FIG. 14A shows an example of an interactive engagement analysis GUI 1400a showing reactions from previewers that were observed when a piece of content 603 was being consumed. According to this example, the interactive engagement analysis GUI 1400a includes the following elements:

    • 1401: a section dropdown that allows a user to select from different reaction detections categories and corresponding views. In this example, the user has selected the “acoustic cues” category by interacting with the section dropdown 1401;
    • 1402a: a graph showing the engagement level of the previewers across the duration of the content 603—indicated by the dashed trace—and vertical bars corresponding to acoustic cue histograms for various types of acoustic cues from previewers that were detected at various times during the presentation of a piece of content 603; and
    • 1410a: a key that shows bar types corresponding to example acoustic cue histograms.



FIG. 14B shows another example of a GUI for presenting an engagement analysis corresponding to various detected previewer reactions. As with other figures provided herein, the types, numbers and arrangements of elements shown in FIG. 14B are merely provided by way of example. Other implementations may include more, fewer and/or different types, numbers and arrangements of elements.

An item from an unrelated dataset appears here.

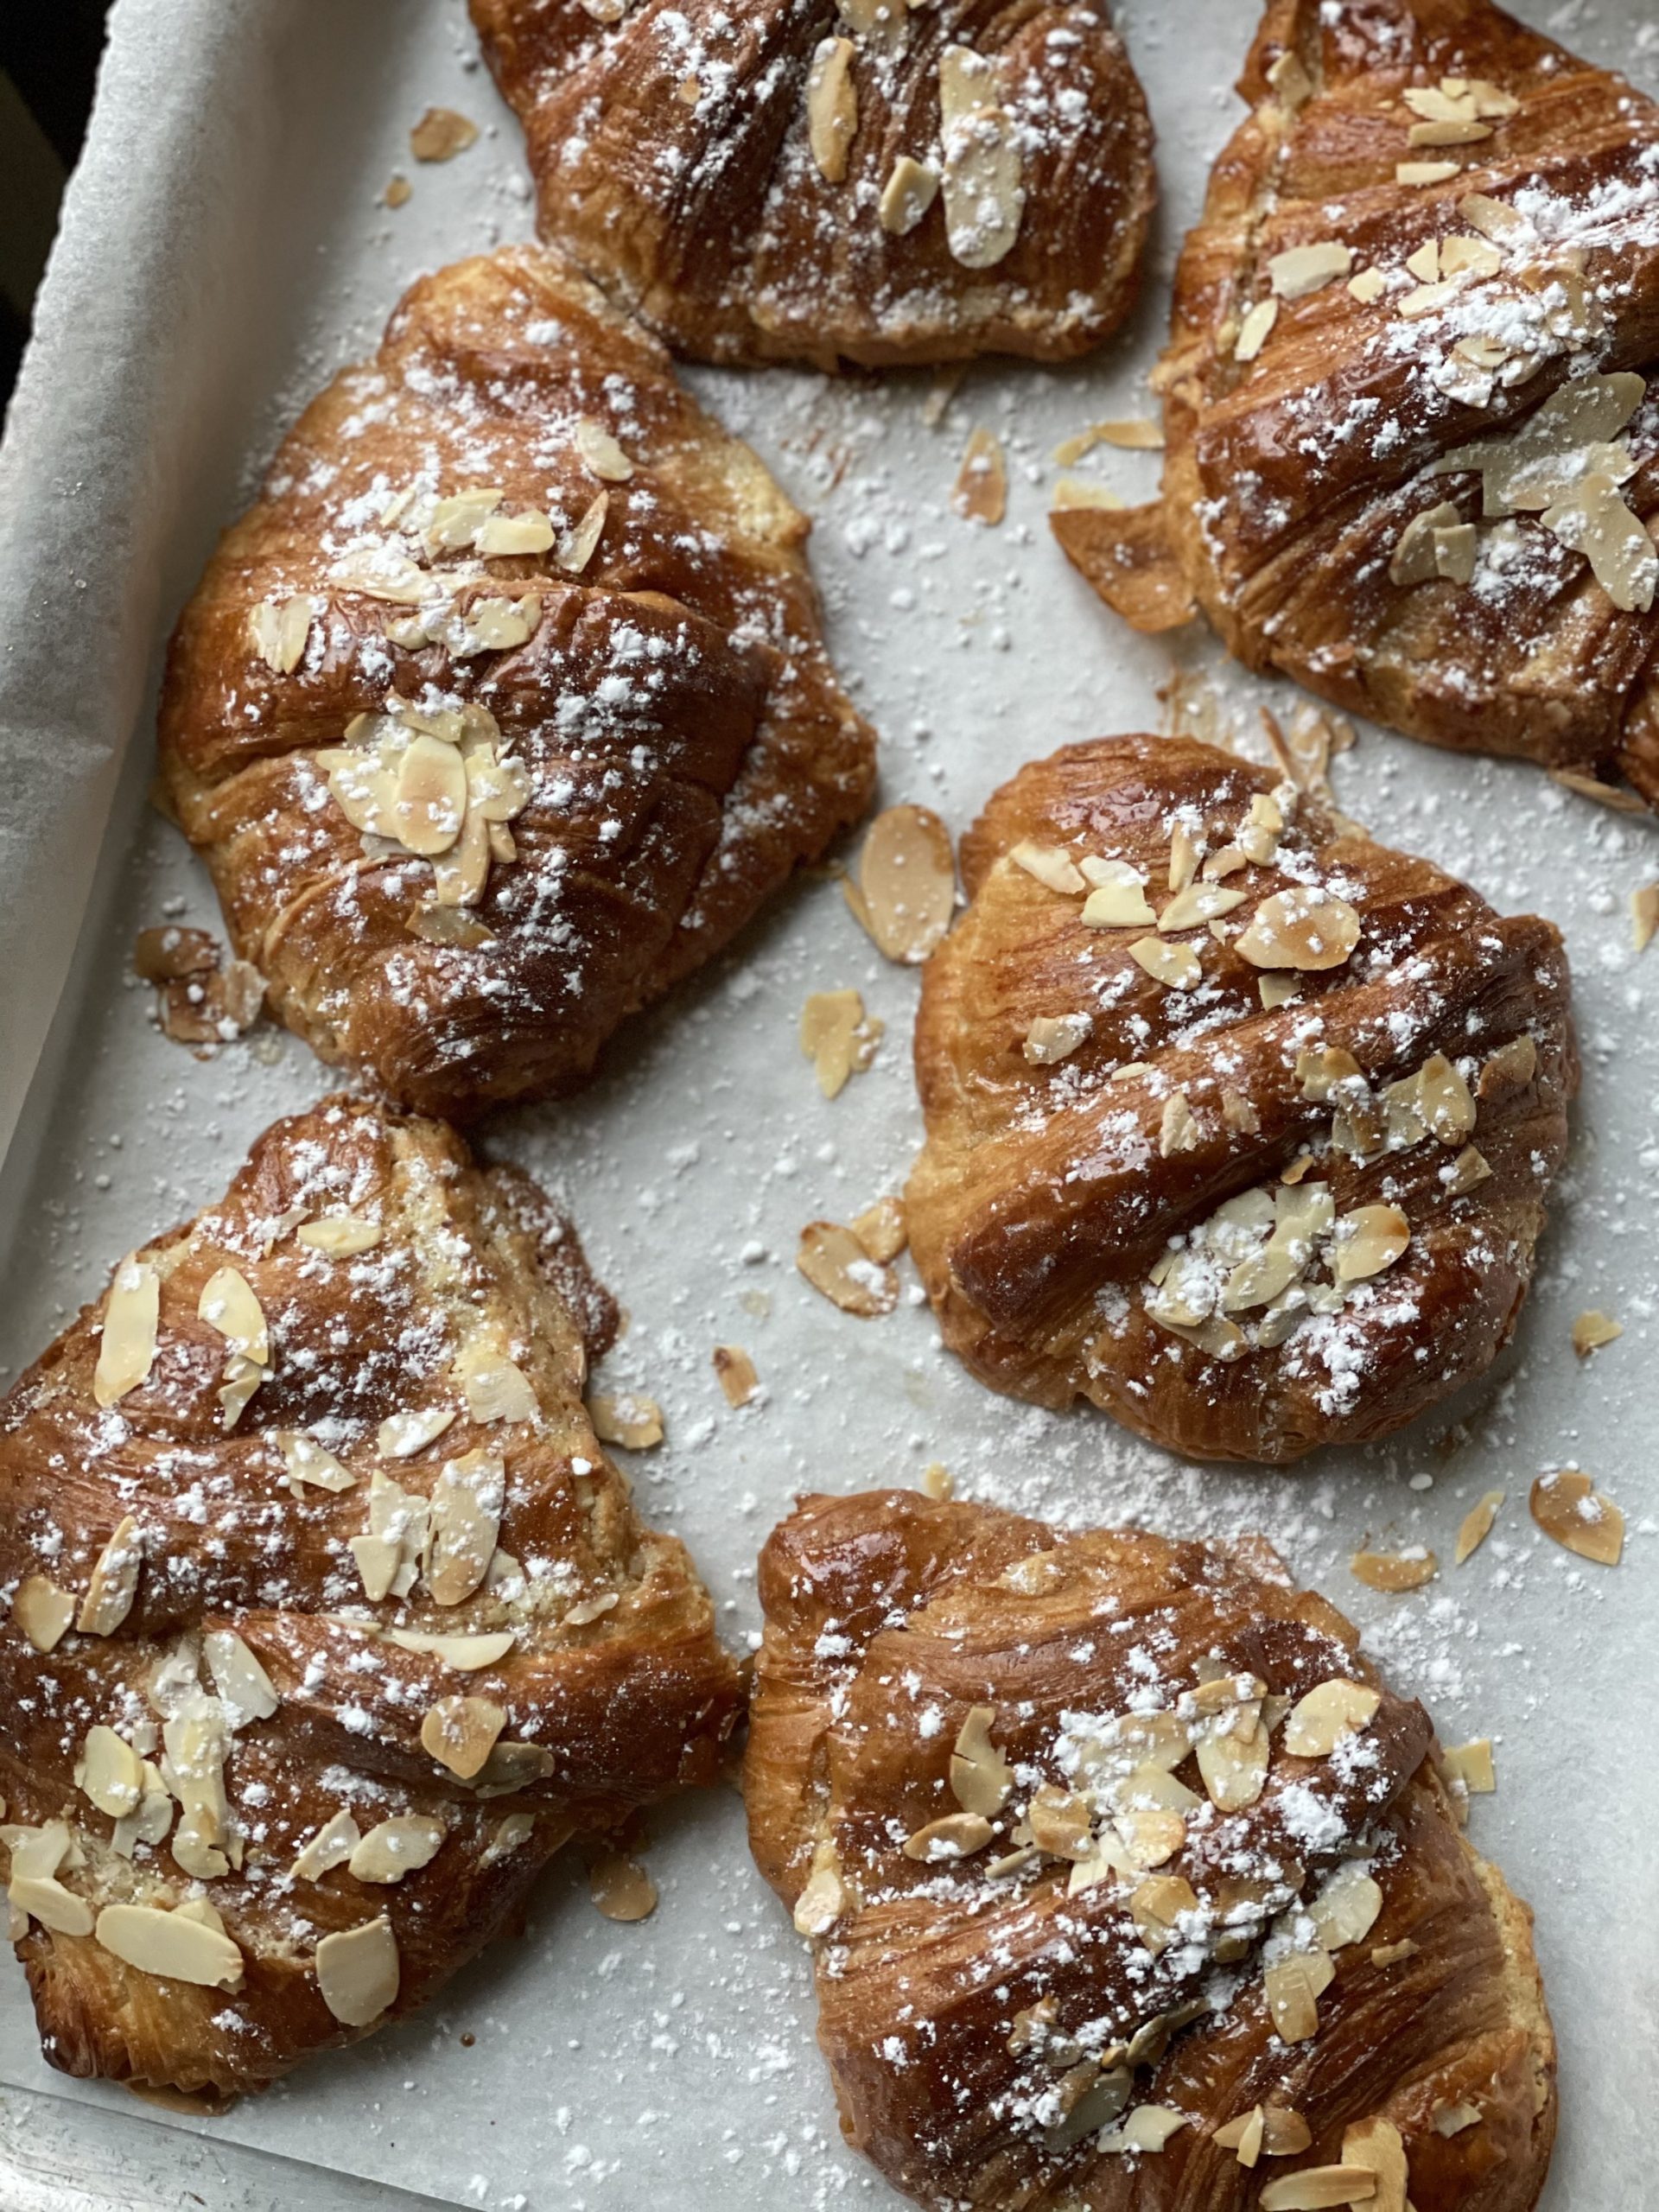 Freshly baked almond croissants topped with flaked almonds and icing sugarped with falkes

FIG. 14B shows an example of an interactive engagement analysis GUI 1400b showing additional reactions from previewers that were observed when a piece of content 603 was being consumed. According to this example, the interactive engagement analysis GUI 1400b includes the following elements:

    • 1401: a section dropdown that allows a user to select from different reaction detections categories and corresponding views. In this example, the user has selected the “visual cues” category by interacting with the section dropdown 1401;
    • 1402b: a graph showing the engagement level of the previewers across the duration of the content 603 and traces corresponding to various types of visual cues from previewers that were detected at various times during the presentation of a piece of content 603. In this example, the visual cue types are “looking at screen,” “looking at phone” and “asleep”; and
    • 1410b: a key that shows line types corresponding to the various traces shown in the graph 1402b.

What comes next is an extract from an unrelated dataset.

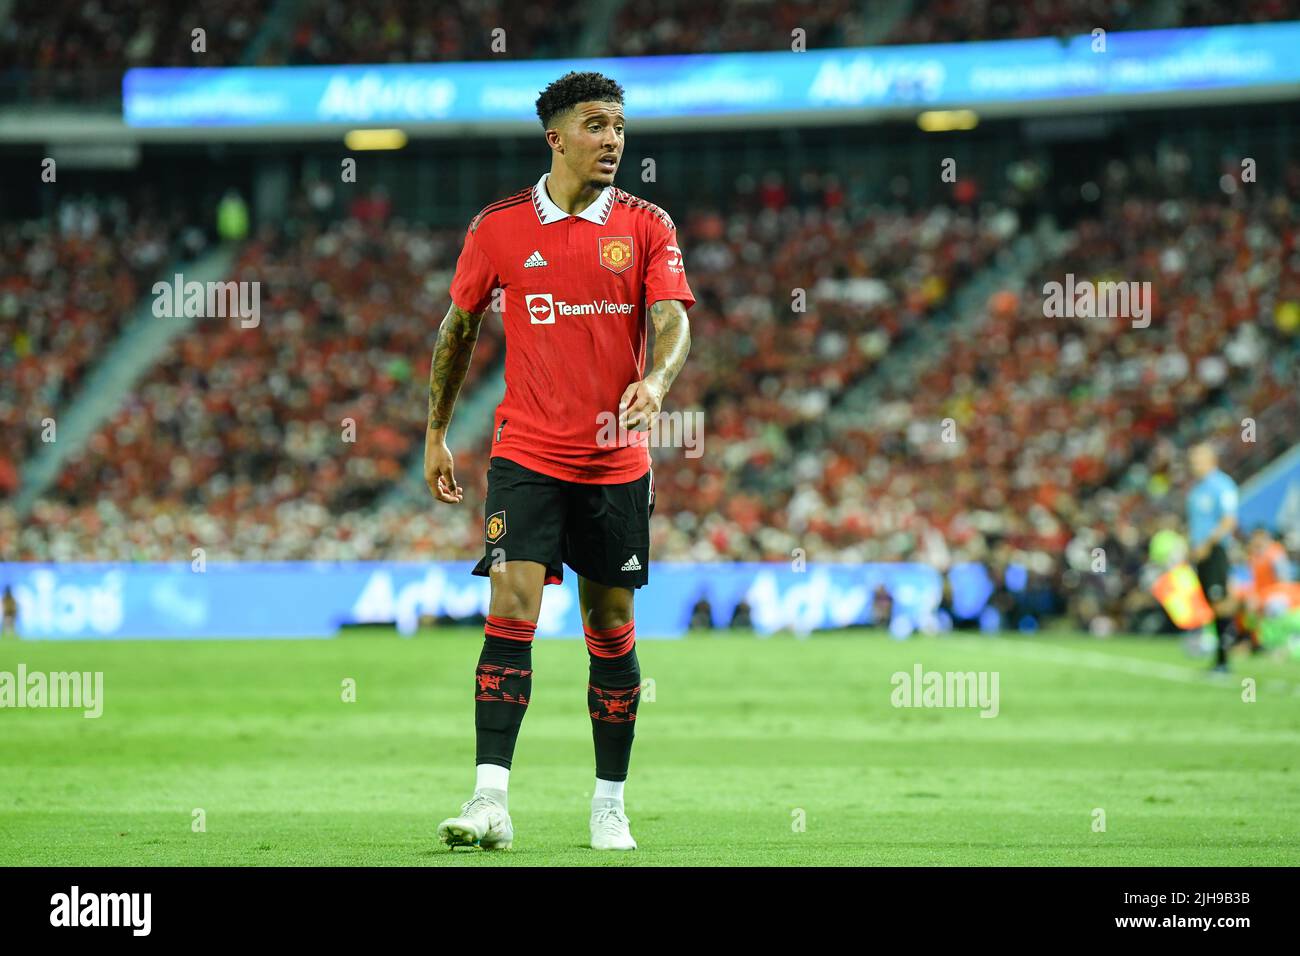 Jadon Sancho of Manchester United seen in action during the preseason match between Manchester United against Liverpool at Rajamangala stadium.(Final score; Manchester United 4:0 Liverpool). Stock Photo

In some instances, previewers may explicitly indicate their current level of engagement and/or sentiment. Such indications may be achieved through some form of intentional engagement such as verbally (e.g., “love it”, “hate it”), pressing a button (e.g., on TV remote, in a smart device application), gesturing to a camera (e.g., giving a thumbs up or down), etc.



FIG. 14C shows an example of a GUI for presenting an engagement analysis corresponding to detected previewer reactions that explicitly indicate current levels of engagement. Known keywords are an example of how users may explicitly convey how they feel during content playback. As with other figures provided herein, the types, numbers and arrangements of elements shown in FIG. 14C are merely provided by way of example. Other implementations may include more, fewer and/or different types, numbers and arrangements of elements.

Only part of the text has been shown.